Looking at the camera when recording a video sounds simple, but anyone who has recorded online tutorials, product reviews, or talking-head videos knows how difficult it is to maintain eye contact especially when you have to also read your scripts. It can be very distracting for the audience when your gaze drifts toward the script or the screen.

That’s where AI-driven eye contact correction becomes genuinely useful. Modern AI video editing tools can fix your gaze in post-production, making it look as if you were looking directly at the camera the whole time- without reshoots or a teleprompter. In this guide, you’ll learn how gaze correction actually works, which tools offer the most reliable results, and how to fix your own footage using Descript’s Eye Contact feature.

By the end of this article, you’ll know exactly how to turn imperfect recordings into natural, confident videos with clean, consistent eye contact.

What Is AI Eye Contact Correction?

AI eye contact correction, also called AI gaze correction or an eye contact fix, is an AI video editing feature that adjusts where you appear to be looking in a recorded video. The software uses computer vision to detect facial points and generative AI to re-render the eyes, producing the effect of direct camera engagement even when the speaker was looking off-screen.

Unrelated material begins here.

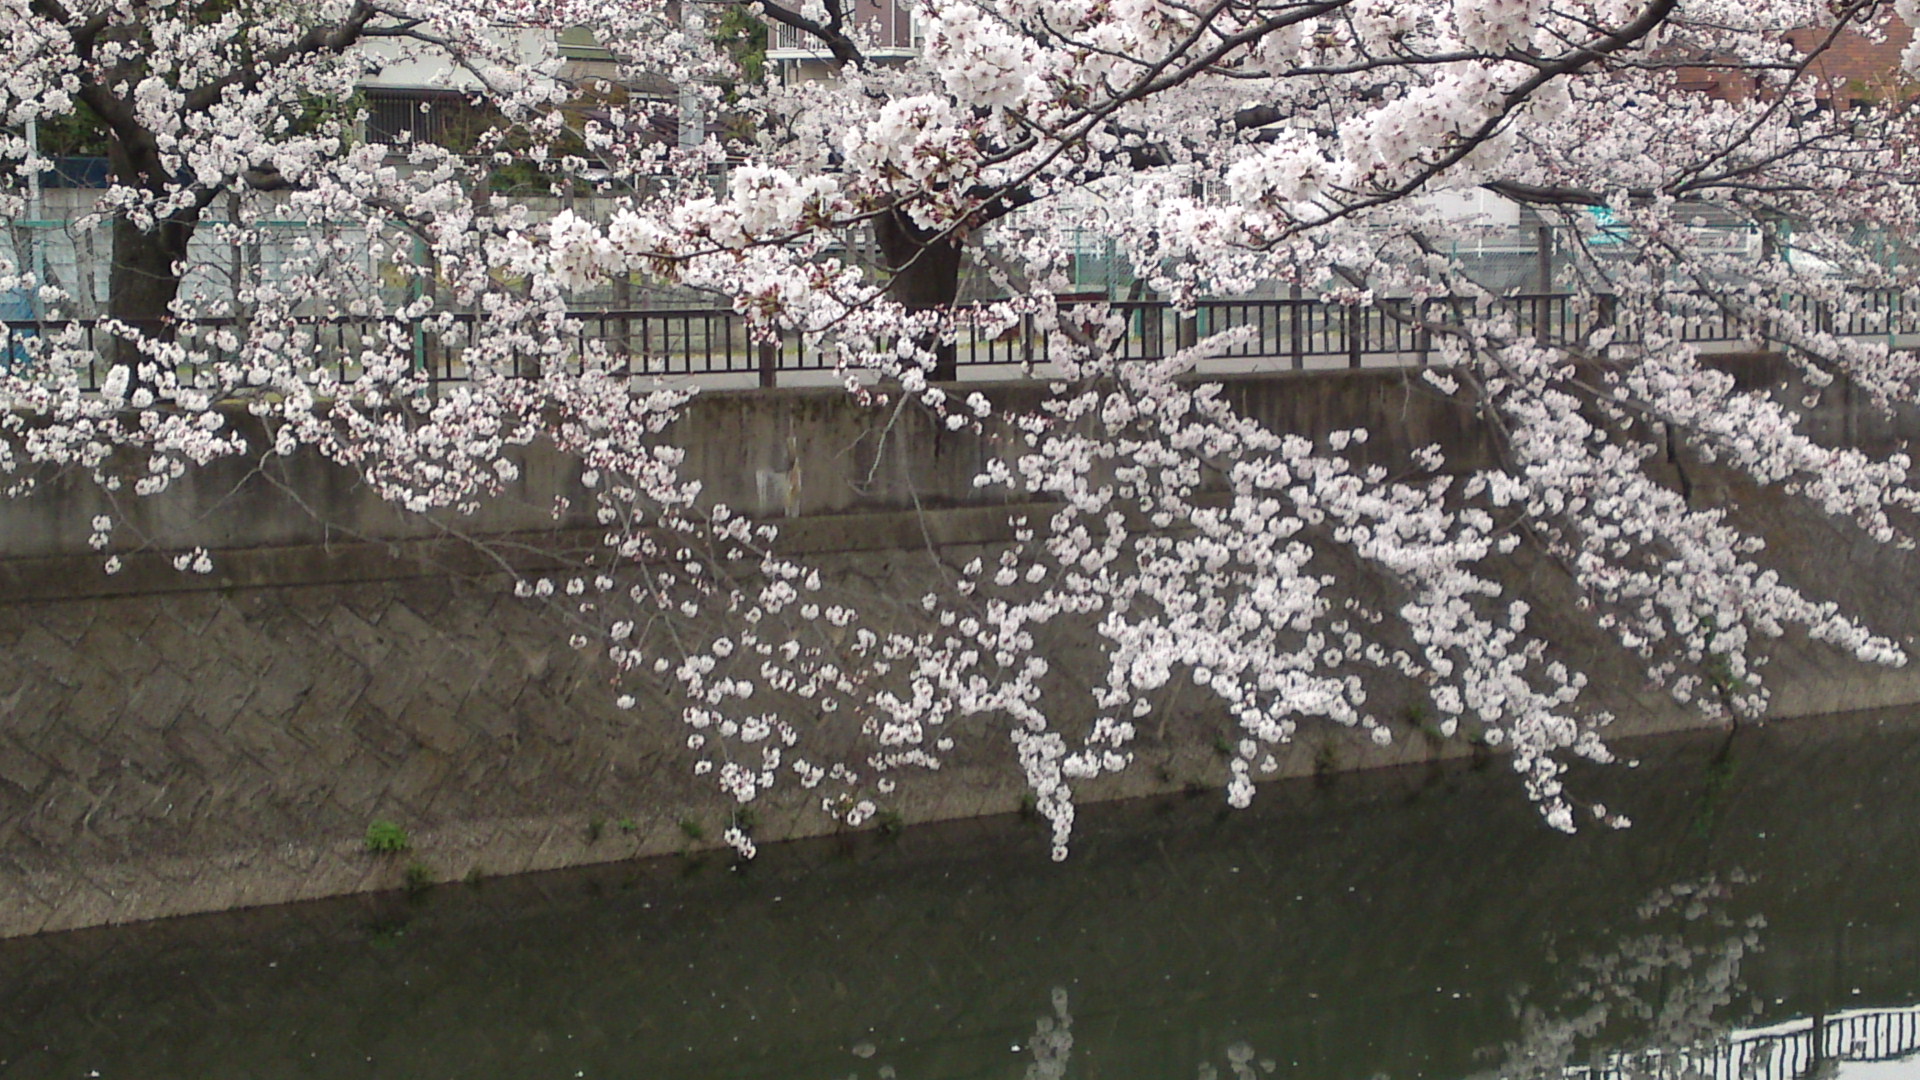 フリー写真素材集 真間川の桜並木と流域の桜の名所１

The eye contact correction feature solves the common wandering-gaze problem that happens when presenters read from a script, follow notes on a monitor, or look at a guest instead of the camera during recording or live streaming sessions. AI eye contact correction restores natural, on-camera focus in post-production without reshoots or teleprompters.

How AI Eye Contact Correction Tools Work

AI eye contact correction works through a three-stage computer vision and generative AI pipeline that adjusts only the eye region while preserving the rest of your video. It is far more than a simple overlay- it’s a controlled, frame-by-frame reconstruction of your natural gaze.

Phase 1: Detection & Analysis (Understanding Your Gaze)

The system performs facial landmark detection across frames to identify essential points which include eyes, eyelid regions, brows positions and nose. Using these landmarks, the model estimates two things:

  • Head pose (pitch, roll, yaw), and
  • Gaze vector (the exact direction your eyes are pointing).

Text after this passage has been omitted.